An alternate approach to vehicle skid control comprehends association of an individually operable clutch with each axle of a secondary, that is, part-time drive line. Selective, modulating activation of one or both of the clutches directs drive torque to one or both secondary drive wheels to adjust or correct vehicle yaw. An early system utilizing hydraulic clutches is disclosed in U.S. Pat. No. 4,681,180. Here, a control unit having steering angle, vehicle speed and engine torque inputs and adjust torque distribution between only the two rear wheels.
U.S. Pat. Nos. 5,195,901 and 5,119,900 both teach a vehicle having two independently operable rear axle clutches in a drive line which provides primary drive torque to the front wheels and selectively and independently provides torque to the rear wheels.
In U.S. Pat. No. 5,353,889, a rear axle includes a pair of hydraulically operated independent clutches controlled by associated hydraulic pressure clutches and pumps.
In U.S. Pat. No. 5,383,378, a twin clutch axle disposed at the front of a vehicle provide drive torque to the front (secondary) drive wheel in response to steering angle. U.S. Pat. No. 5,540,119 teaches a differential drive assembly for transferring rotational power without the use of conventional differential gearing. The device utilizes pairs of clutches and cam mechanisms which actuate said clutches in response a predetermined relative rotation.
While many problems have been addressed and new operational schemes achieved by the devices found in the prior art, it is apparent that certain problems have not been addressed. For example, it should be appreciated that, according to Newton's third law of motion, the direct or action force generated by a clutch operator to compress an adjacent clutch pack creates an equal and opposite reaction force which is transmitted through whatever structural components of the clutch assembly constitute the reaction force path or circuit.

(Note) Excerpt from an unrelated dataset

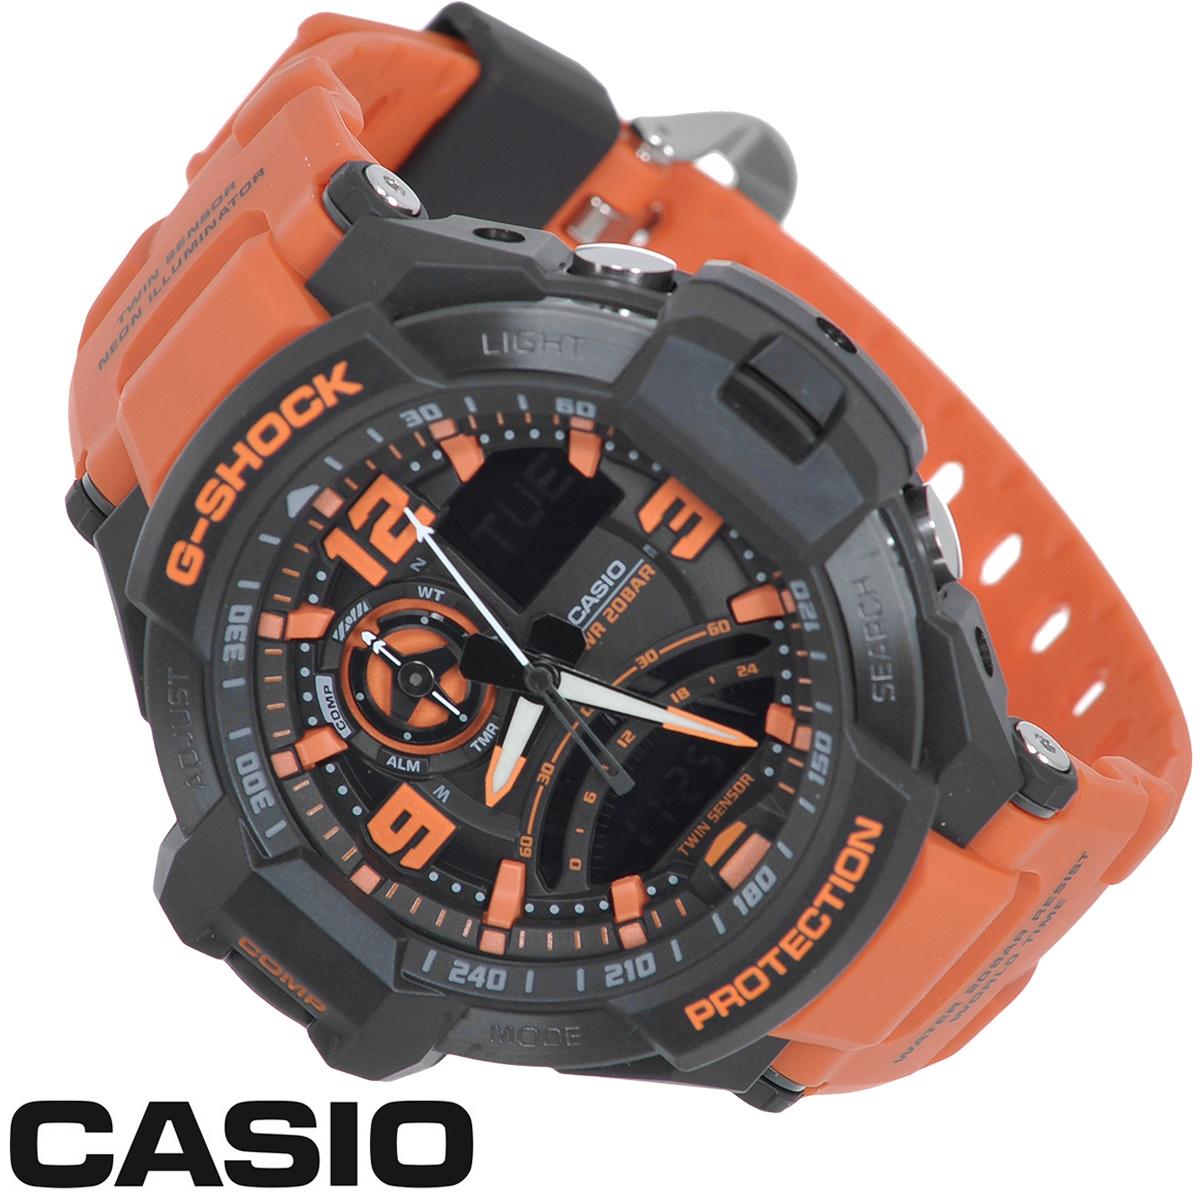 Часы мужские наручные Casio G-Shock, цвет: черный, оранжевый. GA-1000-4AGA-1000-4AСтильные часы G-Shock от японского брэнда Casio - это яркий функциональный аксессуар для современных людей, которые стремятся выделиться из толпы и подчеркнуть свою индивидуальность. Часы выполнены в спортивном стиле. Корпус имеет ударопрочную конструкцию, защищающую механизм от ударов и вибрации. Циферблат со стальным безелем подсвечивается светодиодной автоподсветкой с флюорисцентным напылением на стрелках и дисплее. При повороте часов в сторону лица подсветка дисплея осуществляется автоматически. Светонакопительное покрытие Neobrite продолжает светиться в темноте даже после непродолжительного пребывания на свету. Ремешок из мягкого пластика имеет классическую застежку. Основные функции: - 5 будильников, один с функцией повтора сигнала (чтобы отложить пробуждение), ежечасный сигнал; - автоматический календарь (число, месяц, день недели, год); - встроенный цифровой компас; - термометр от -10° до +60°С с точностью 0,1°C; ...

Typically, such reaction force path will be through or contained in an outer housing in devices where the clutch pack is disposed adjacent the clutch operator and both are contained within the housing. Such a configuration can apply significant reaction force, not only to the housing, but also to whatever fasteners are utilized to secure the housing components together. Such a configuration can be disadvantageous, causing either fastener or housing failure or necessitating heavy and therefore costly housing and fastener configurations. Accurately controlled modulation of the clutches may also be compromised due to flexure or distortion of the housing or other components in the reaction force path. Accordingly, the operation of devices containing such clutches may be compromised. The present invention addresses such matters.